A Wake County teacher’s assistant was recently arrested at RDU International Airport after a customs check revealed he is wanted on fraud charges, but a background check conducted by the school did not turn up those charges. One reason could be the system relies on employees to tell the truth about where they have lived.
When Tony Allen showed up in Wake County court Friday facing dozens of credit card fraud charges from New Jersey, his employer had no clue of his past.
Wake County schools
ran the standard background check it performs on every employee, but under that check, the schools only research criminal records for areas where the potential employee says he or she lived. The schools do not verify whether candidates leave out addresses.
“If someone wants to skirt the issue or find a hole in the system, unfortunately, they probably can, but we’re doing everything we can to find out before that happens,” said Michael Evans, of Wake County Public Schools.
WRAL asked a private investigator to research Allen’s addresses and found he listed 19 different homes in Pennsylvania and New Jersey, where the fraud charges originated.
Yvonne Owens, who has three children in Wake County schools, said she wants more thorough background checks.
“Who knows whether it’s credit card fraud or what kind of person they might be,” she said. “I think it’s a good idea no matter how much it might cost because nowadays you can’t just trust any and everybody as far as your kids are concerned.”

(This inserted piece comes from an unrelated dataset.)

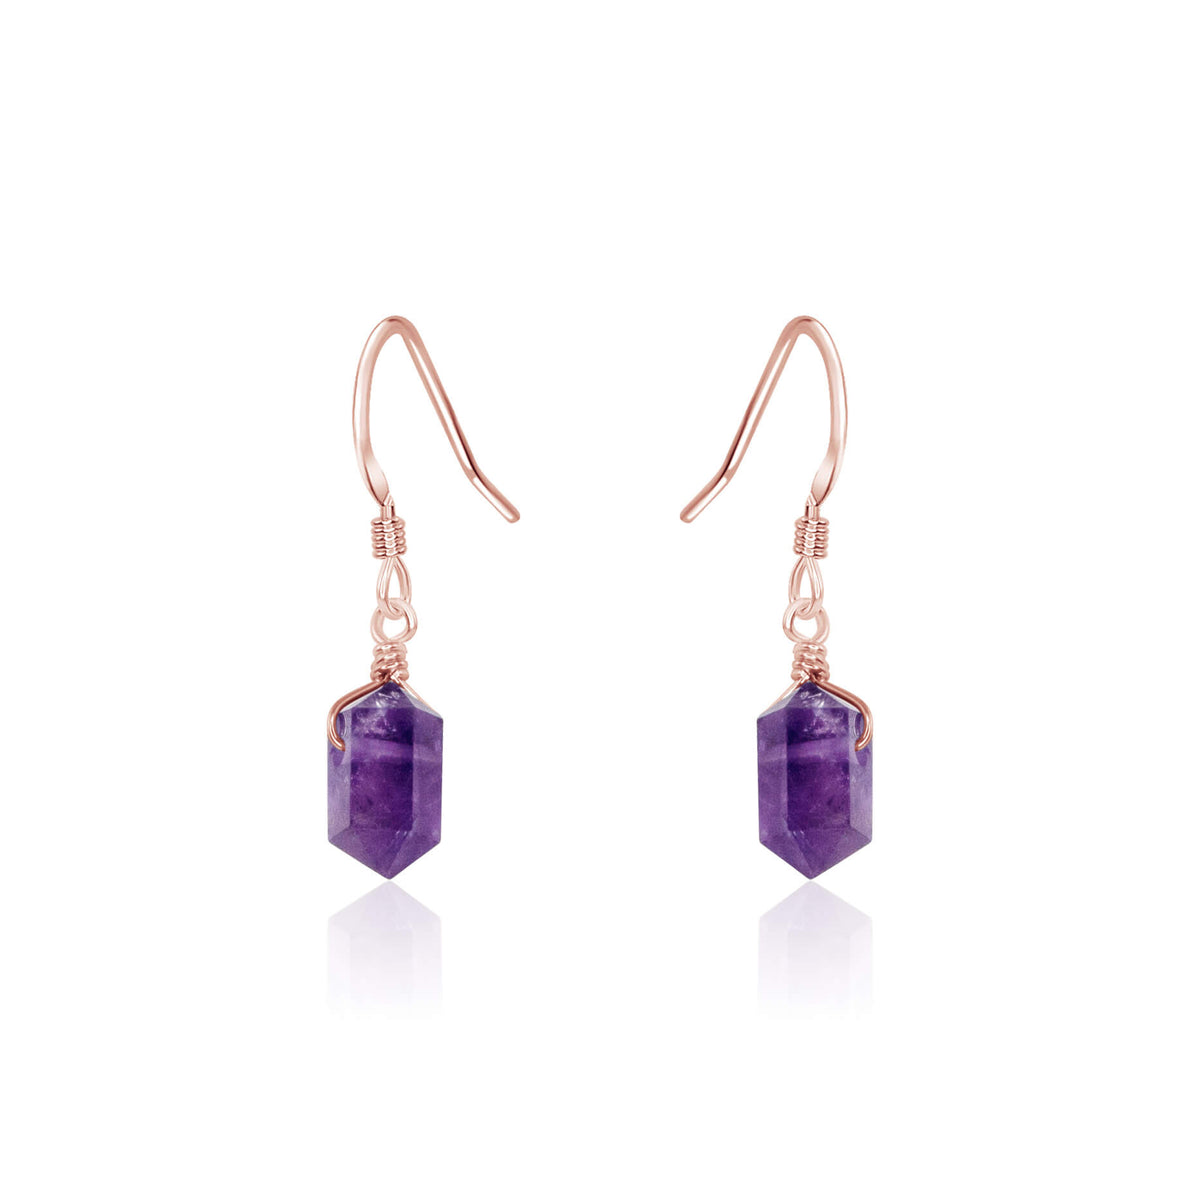 Double Terminated Crystal Dangle Drop Earrings - Amethyst - 14K Rose Gold Fill - Luna Tide Handmade Jewellery

“The expense to taxpayers for running a nationwide search for all 13,000-plus employees of the Wake County public school system would be enormous,” Evans said.
WRAL found no indication Allen ever endangered any children. Also, background checks do not always turn up warrants if a person has not yet been arrested. Wake County school leaders have launched an internal investigation. Allen is being held without bond awaiting extradition to New Jersey.
Wake County employs more than 1,700 full- and part-time teaching assistants. Their duties typically range from assisting special needs students to handling paperwork for the teachers.